Not all COAs represent high-quality analytical work. The following patterns warrant skepticism and, in most cases, warrant requesting a replacement or sourcing from an alternative supplier before proceeding with research:

• HPLC purity below 95% with no explanation of the impurity profile.
• Missing mass spectrometry data — identity confirmation is non-negotiable for research applications where the exact compound matters.
• No lot number or batch reference — a COA that cannot be traced to a specific production batch cannot be used to troubleshoot experimental variability.
• Endotoxin result absent or > 5 EU/mg — particularly problematic for in vitro cell assays or in vivo animal studies.
• COA date significantly older than the purchase date — peptide purity degrades over time, especially with poor storage. A COA from two or three years prior does not characterize the current product. See peptide storage and stability for degradation timelines.
• Round numbers on every field (e.g., “99.0%”, “0.5 EU/mg”, “5.0 mg”) — genuine instrument outputs produce non-round numbers. Perfect round values suggest the document may have been manually generated rather than auto-exported from instrument software.

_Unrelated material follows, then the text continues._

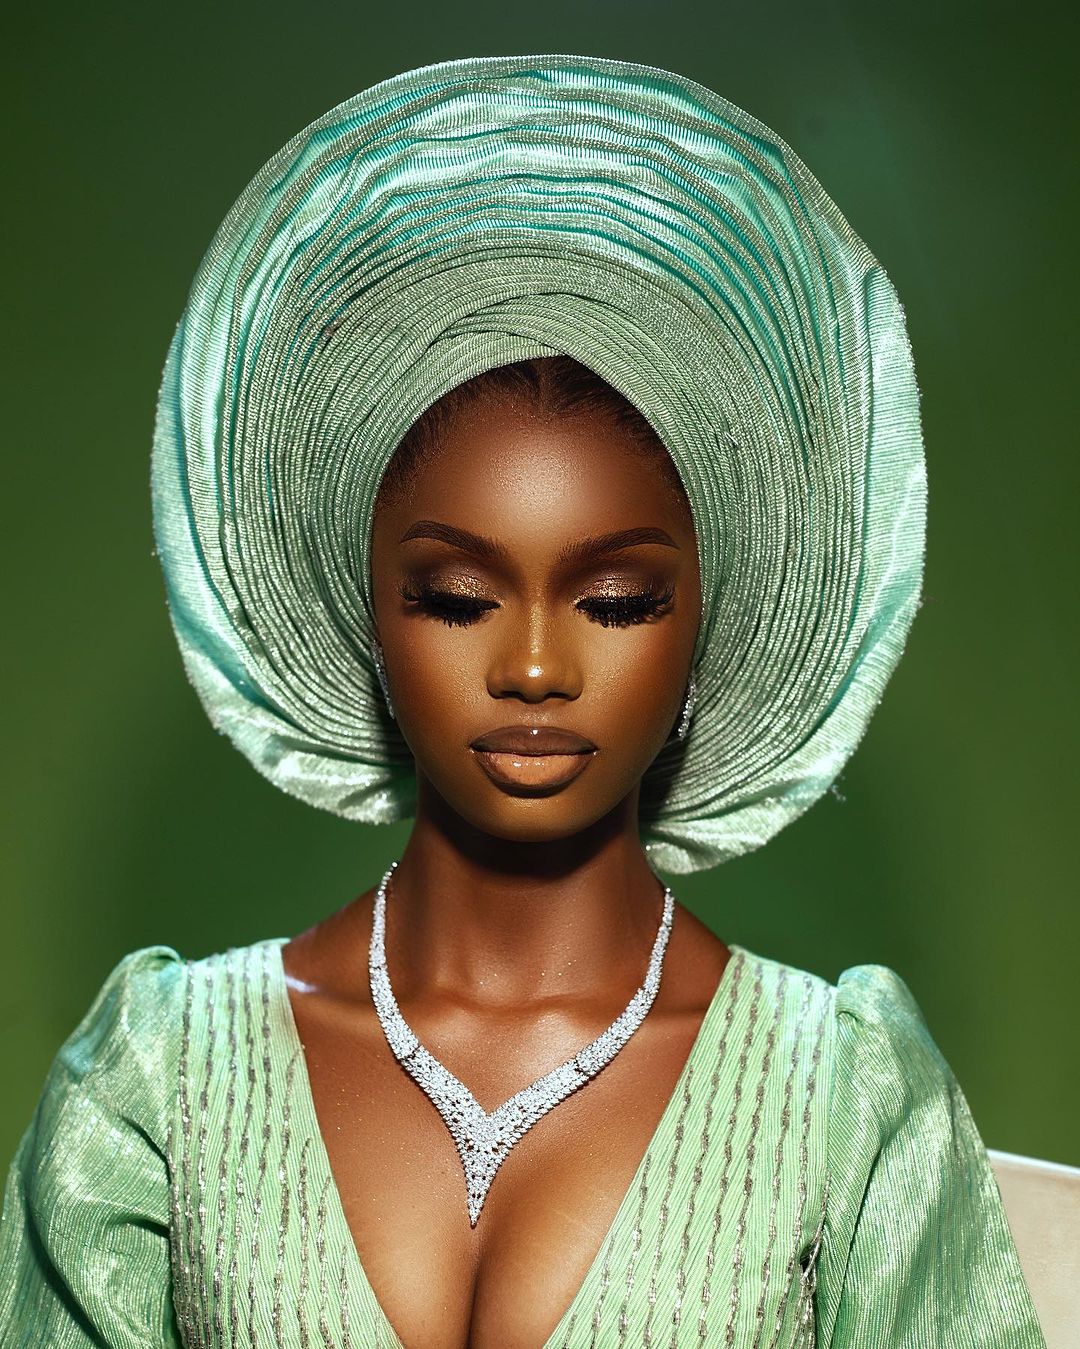 Make a Statement on Your Yoruba Trad With This Chic Beauty Look!

Putting It All Together: A Pre-Experiment Checklist

Before beginning any preclinical study with a research peptide, researchers should treat the COA review as a mandatory step. The following checklist summarizes the minimum acceptable criteria based on current analytical standards. It is worth noting that the evidence base for most research peptides remains largely preclinical — derived from animal models and cell-culture systems — and has not been established in human clinical settings. Rigorous starting materials are a prerequisite for drawing any valid conclusions from such studies.

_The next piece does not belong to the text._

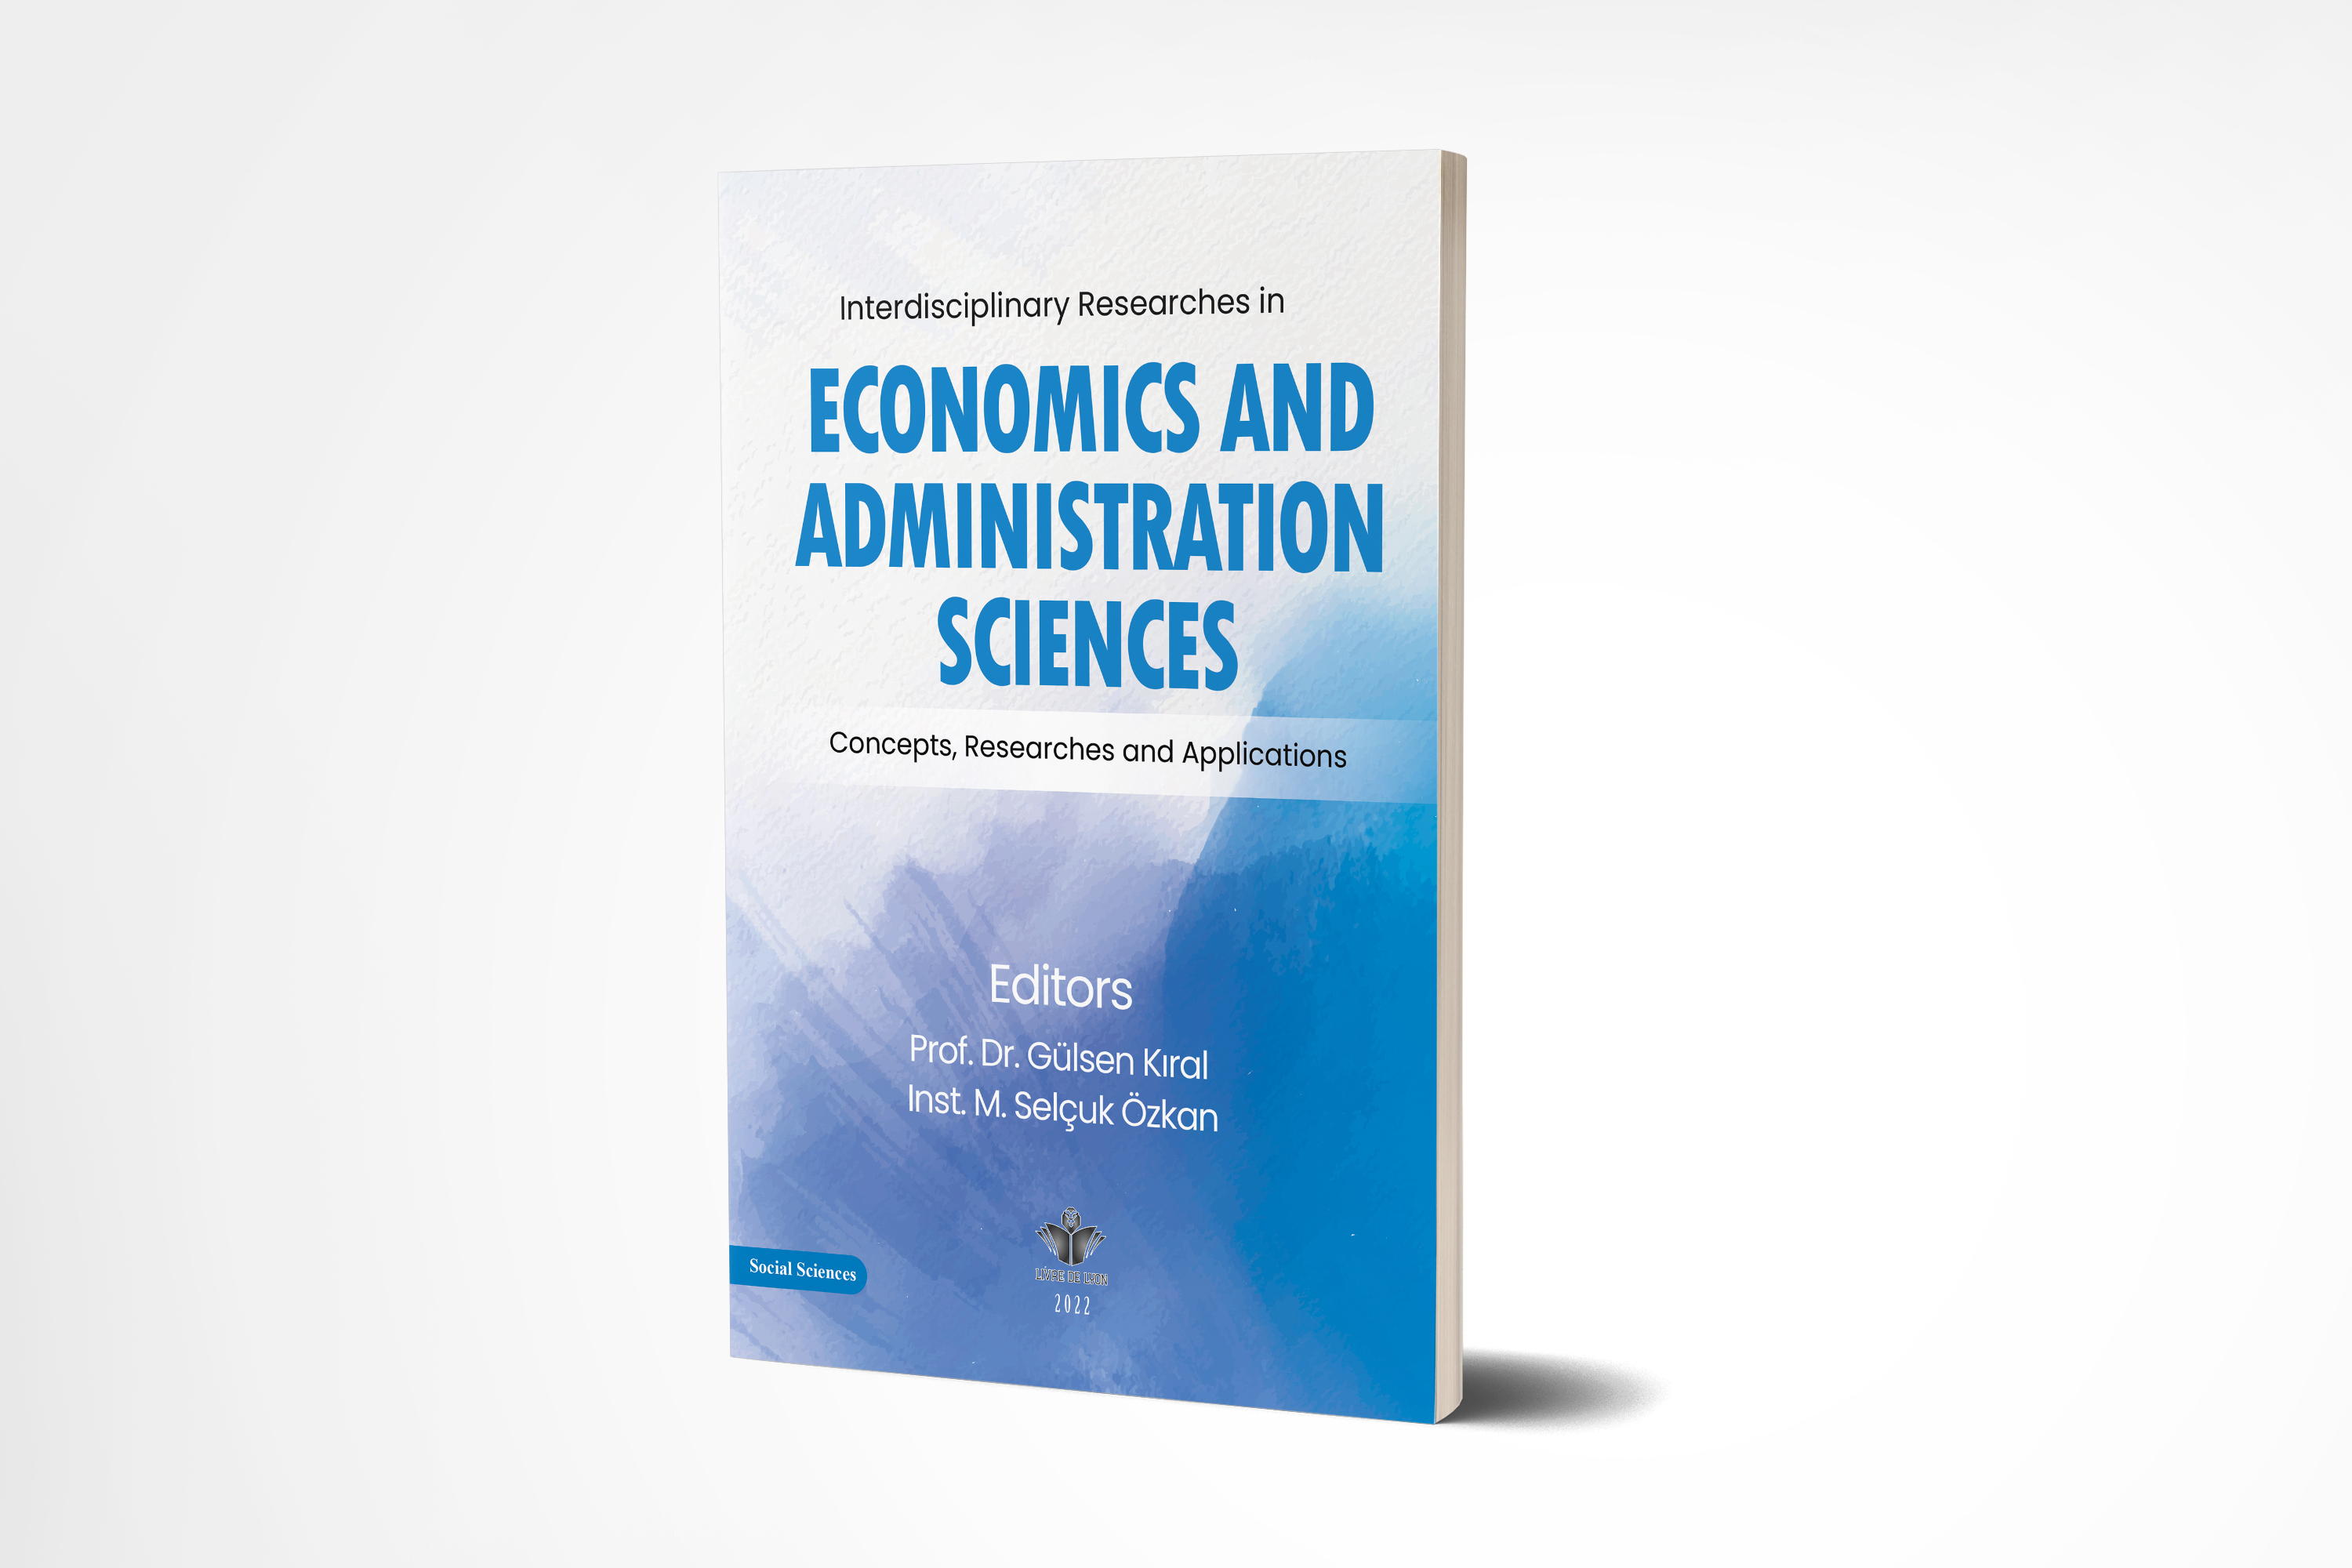 Interdisciplinary Researches in Economics and Administration Sciences: Concepts, Researches and Applications

1. Lot number on vial matches lot number on COA.
2. HPLC purity ≥ 98% with baseline-resolved chromatogram reported.
3. Mass spectrometry identity confirmed within accepted tolerance.
4. Moisture content reported and below 10%.
5. Endotoxin ≤ 1.0 EU/mg (or lower if cell-culture application).
6. Net peptide content stated so actual peptide mass can be calculated.
7. COA issued by a named third-party laboratory with verifiable accreditation.
8. COA date is recent relative to the manufacturing and receipt date.

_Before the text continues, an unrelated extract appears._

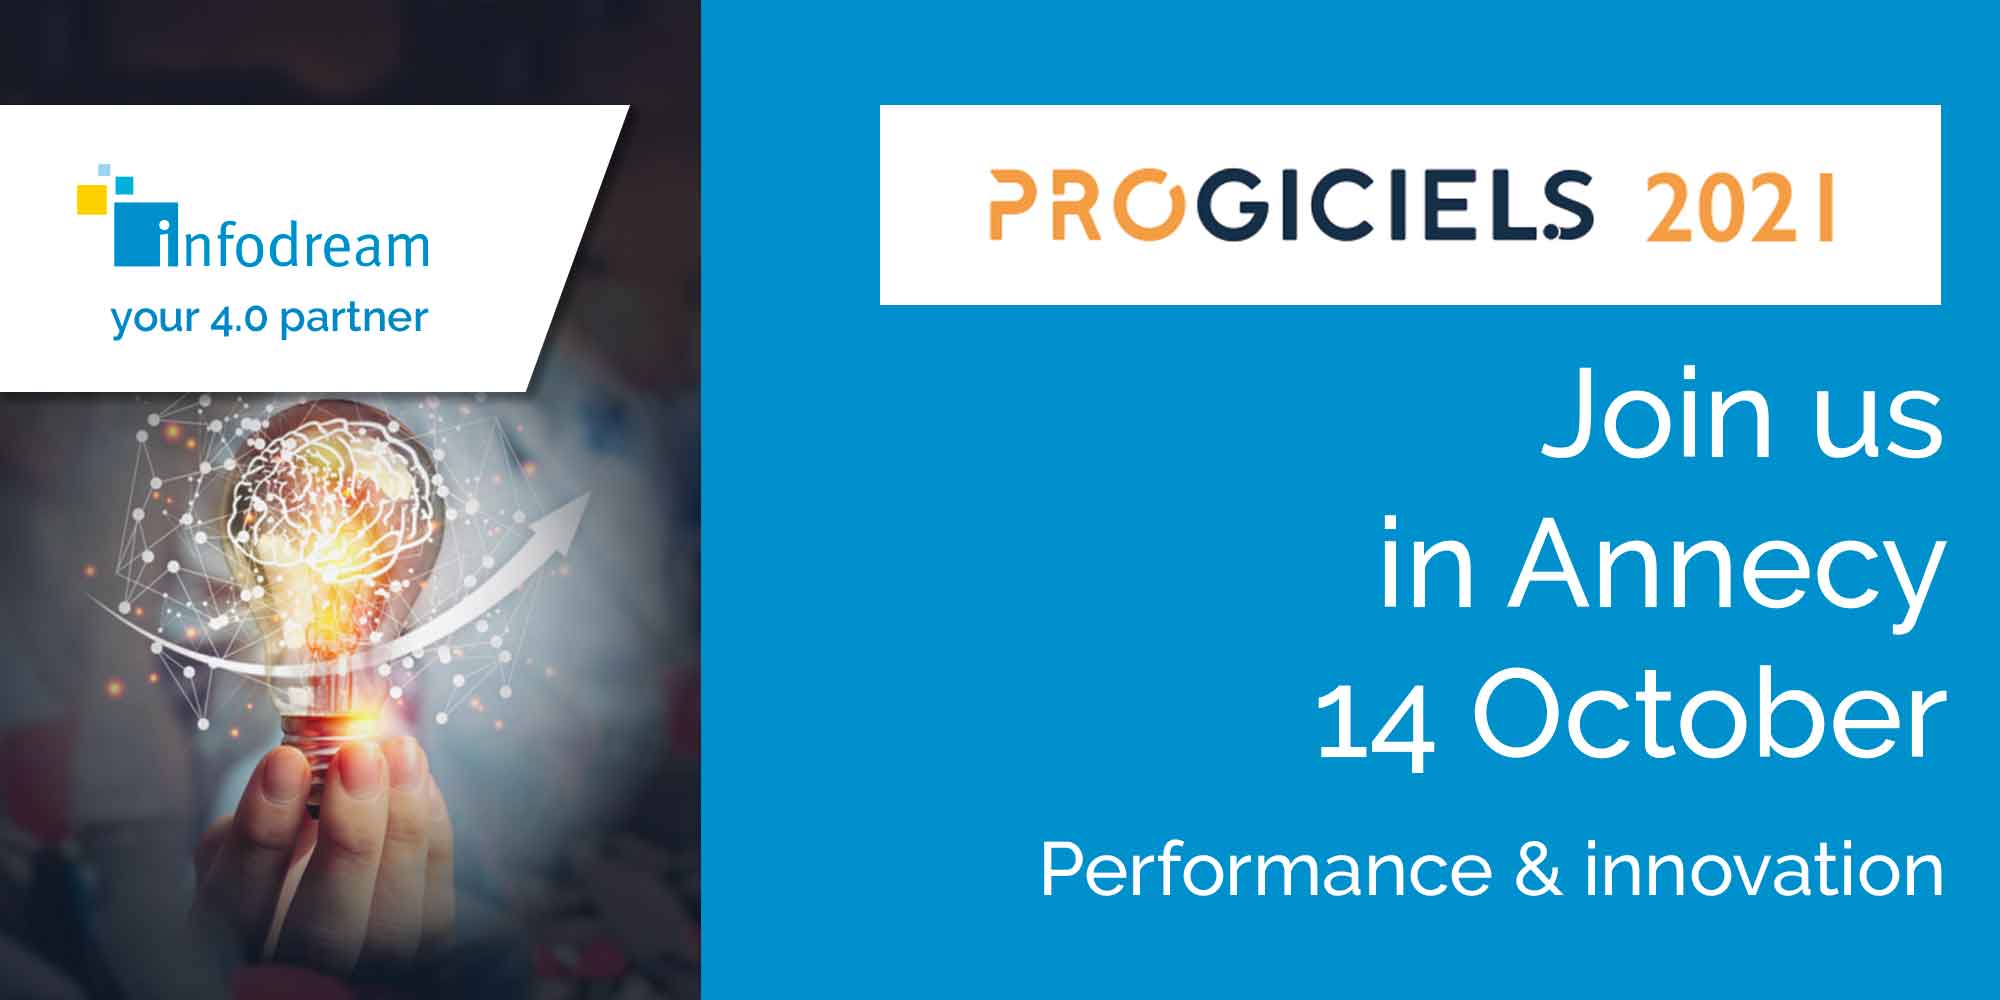 Infodream At Progiciels, The Software Exhibition For Industrial Performance And Innovation

Understanding how to read a certificate of analysis for peptides is one of the foundational competencies in research peptide procurement. It intersects directly with broader topics in understanding peptide purity and the analytical methods that underpin it. Researchers who take the time to evaluate COA documentation systematically protect the validity of their experimental data and reduce the risk of confounded results from substandard starting materials.